Zastanawia mnie, czy istnieje coś na wzór tak zwanej jesiennej depresji, ale w wersji letniej. Co rok dopada mnie zrezygnowanie wraz z początkiem wakacji, podczas gdy większość cieszy się upragnionym wolnym kwartałem, wyjazdami, piaskiem, wodą, wypadami za miasto i wszystkimi tymi wspaniałymi atrakcjami, które daje nam ta pora roku. Dla mnie jest to początkiem pewnej pustki, a wolność od obowiązków sprawia, że nie wiem, co ze sobą zrobić. W ciągu roku marudziłam, że muszę wstawać, jeździć, choć z czasem nawet to polubiłam, bo dawało mi to poczucie pewnego spełnienia i minimalizowało wrażenie, że marnuję czas. Teraz jednak nie do końca wiem, co z tak dużą ilością wolnego zrobić i czy w ogóle narzekanie na wolne nie jest swego rodzaju faux pas, kiedy inni muszą mimo wszystko pracować na chleb, a ja mogę leżeć całymi dniami brzuchem do góry. Poczucie niestosowności w takich stwierdzeniach przyprawia mnie o jeszcze większe poczucie winy. Błędne koło. W sierpniu idę na trzy tygodnie do pracy i to moje jedyne plany póki co. Może jakiś wyjazd nad morze. Może. Co do tej pory? Nie wiem.
Tak naprawdę to już nie pamiętam wakacji, które spędziłabym naprawdę wyjątkowo, spotykając się często z ludźmi i robiąc rzeczy, na które przez obowiązki codzienne nie ma się w ciągu roku czasu.
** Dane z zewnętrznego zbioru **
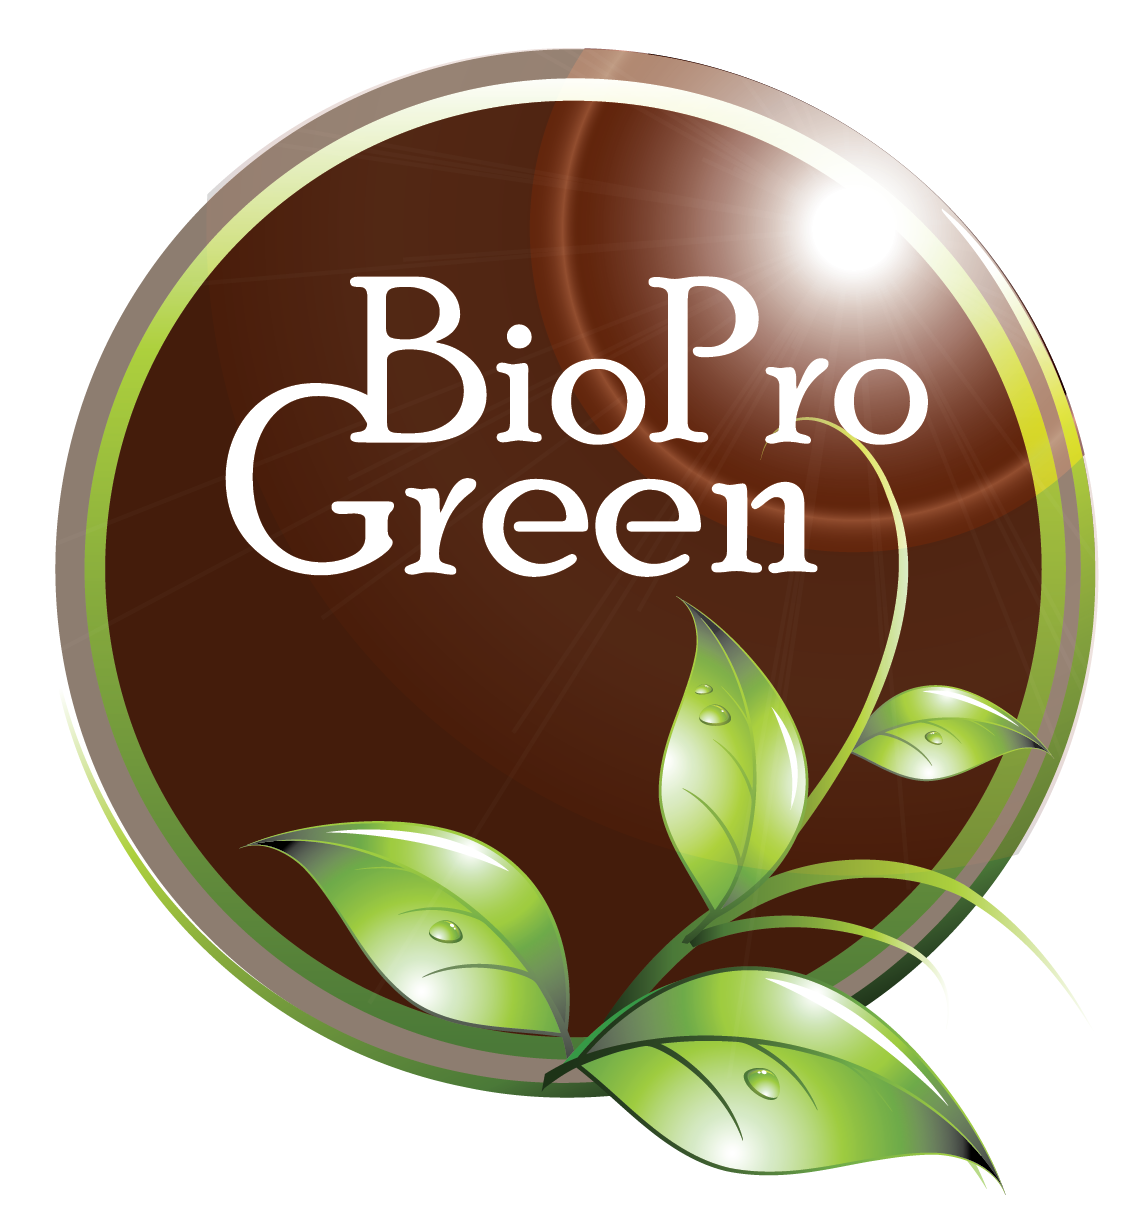 BioPro Green

Tyle książek do przeczytania, tyle filmów do obejrzenia, tyle potraw do ugotowania, tyle miejsc do zwiedzenia, ale mnie to jakoś mimo wszystko nie cieszy, nudzi i trochę nawet smuci. Smuci mnie fakt, że moja postawa jest nieco niewdzięczna i roszczeniowa, bo oczekuję fajerwerków, a od siebie daję co najwyżej marne iskry jak ze starej zapalniczki bez gazu, której nawet nie chce mi się naładować i po pierwszej nieudanej iskrze wywalam ją do śmietnika. Zapalniczka bez ognia jest bezużyteczna, a ja nie czuję już od dawna w sobie ognia i nie mam już pomysłu, co mogłoby go wskrzesić. Być może wydaje mi się, że gdzieś indziej byłoby lepiej, bo przecież wszędzie dobrze tam, gdzie nas nie ma, bo ugrzęzłam w tym mule, które wytworzyło się jakiś czas temu i pomimo starań, by z niego wyjść, czuję, że robię krok do przodu, ale dwa do tyłu. Być może nie doceniam postępu, który zrobiłam przez ostatni rok, bo zanim przyszedł, wiązałam z nim ogromne nadzieje i przeceniałam jego wpływ na moje życie. I znowu oczekiwałam fajerwerków, które nie nadeszły, a moja motywacja spadła. Mam tak, że odwlekam nawet przyjemne rzeczy, w rezultacie od dawna nie przeczytałam żadnej książki, od dawna nie ruszyłam nigdzie tyłka i od dawna nie zrobiłam czegoś dla siebie, co wykraczałoby poza obowiązki w postaci nauki czy chodzenia na zajęcia. Głównie dlatego, że boję się, że będzie źle. Że książka będzie nudna, że spacer będzie do dupy, że spotkanie będzie męczące, a powrót długi. Paradoksalnie łatwiej jest mi się zmobilizować ostatnimi czasy do nauki i pracy, ale też na ostatnią chwilę. Nie wspominając już o jeżdżeniu wszędzie na ostatnią chwilę. Po co być 10 minut wcześniej, gdy można być 5 minut później i nie czekać? Sen też odwlekam, a później wstanie, śniadanie, obiad i kolację.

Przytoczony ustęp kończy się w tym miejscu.